Leading economic institutes more than halved their growth forecast for Germany on Wednesday, warning that the energy shock caused by the Middle East war would hit Europe's top economy hard.
A group of leading institutes slashed their joint GDP growth forecast for 2026 to 0.6 percent, down from a September prediction of 1.3 percent.
Inflation is now forecast to rise to 2.8 percent, up from 2.0 percent, "weighing on household purchasing power".
"The energy price shock triggered by the Iran war is hitting the recovery hard," said economist Timo Wollmershaeuser of the Ifo institute, adding that increased government spending was nevertheless "preventing a stronger slide", AFP reported.
Oil and natural gas prices have surged since the end of February, when the United States and Israel attacked Iran, killed its supreme leader and plunged the Middle East into war.

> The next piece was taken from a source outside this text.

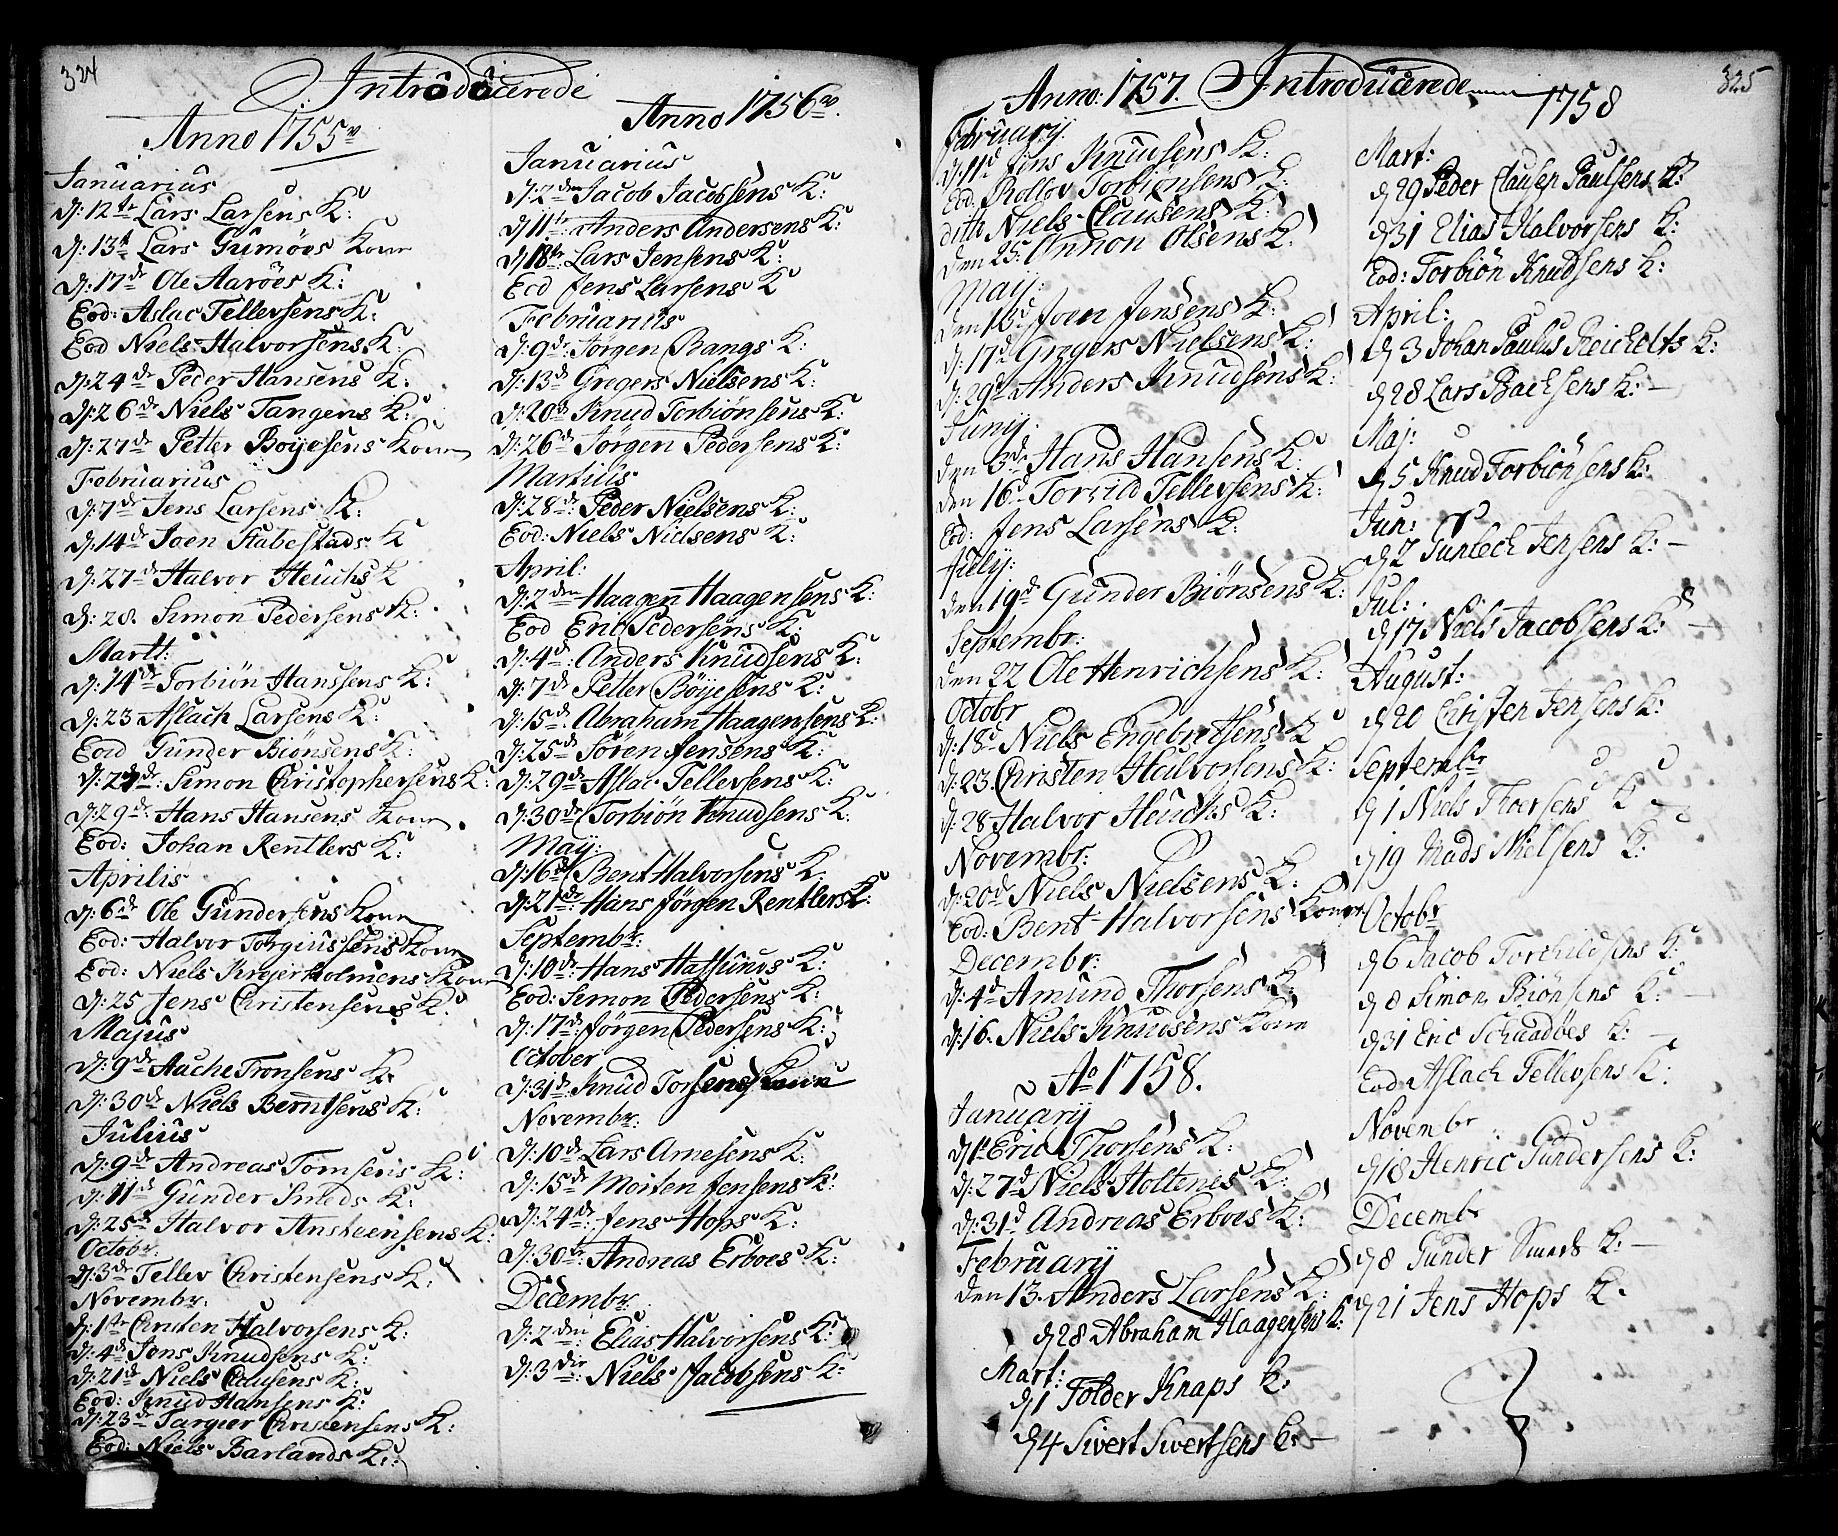 SAKO, Kragerø kirkebøker, F/Fa/L0001: Ministerialbok nr. 1, 1702-1766, s. 324-325

Iran has since closed the Strait of Hormuz to ships of countries it considers allied with the US and Israel, effectively blocking a sea lane that normally transports about a fifth of the world's oil and liquefied natural gas.
Higher inflation in Germany would hit consumer spending, the institutes said, weighing on an already weak economy that has barely grown since a burst of pent-up demand after the Covid pandemic in 2022.
The government on Wednesday introduced rules allowing petrol stations to only raise prices once a day, at noon.
But motorist Sebastian, a 49-year-old estate agent who did not want to give his surname, told AFP at a Frankfurt petrol station that this was not enough to protect his spending power.
"Whether the price of petrol changes once a day or 10 times a day doesn't really matter," he said, adding it was "certainly not enough" to lower his costs.
Germany's economy, struggling with fierce Chinese competition in sectors from cars to chemicals, was in the doldrums even before US President Donald Trump last year imposed sweeping new tariffs before starting the Mideast war in late February.
Chancellor Friedrich Merz, who took office last May, vowed to borrow and spend hundreds of billions through a special infrastructure fund over coming years in what was dubbed a spending "bazooka" aimed at getting the economy back on its feet.
But the economists said that much of the money was simply paying for day-to-day spending.
"Government expenditure on consumption is rising much more sharply than investment," economist Oliver Holtemoeller of the Halle Institute for Economic Research said. "That was not the idea behind changing the financing rules."
The outlook for the longer term was also dire.
Citing low productivity, industrial decline and an ageing population, the institutes warned that Germany's economy would soon be unable to grow sustainably.
"We have also reassessed the structural changes in the German economy and, in particular, revised our forecast for industrial growth downwards," Wollmershaeuser said.
In an era when "demographic change is hitting with full force", he said, "potential growth will come to a standstill by the end of the decade, and we will have to get used to average GDP growth rates of zero percent".
Speaking to broadcaster Welt TV, Economy Minister Katherina Reiche said the government was working on reducing labour taxes and energy costs but that Germans would have to get used to working more over the course of their lives.
"We need to make this country vigorous again," she said. "Germany needs to get its will to win back."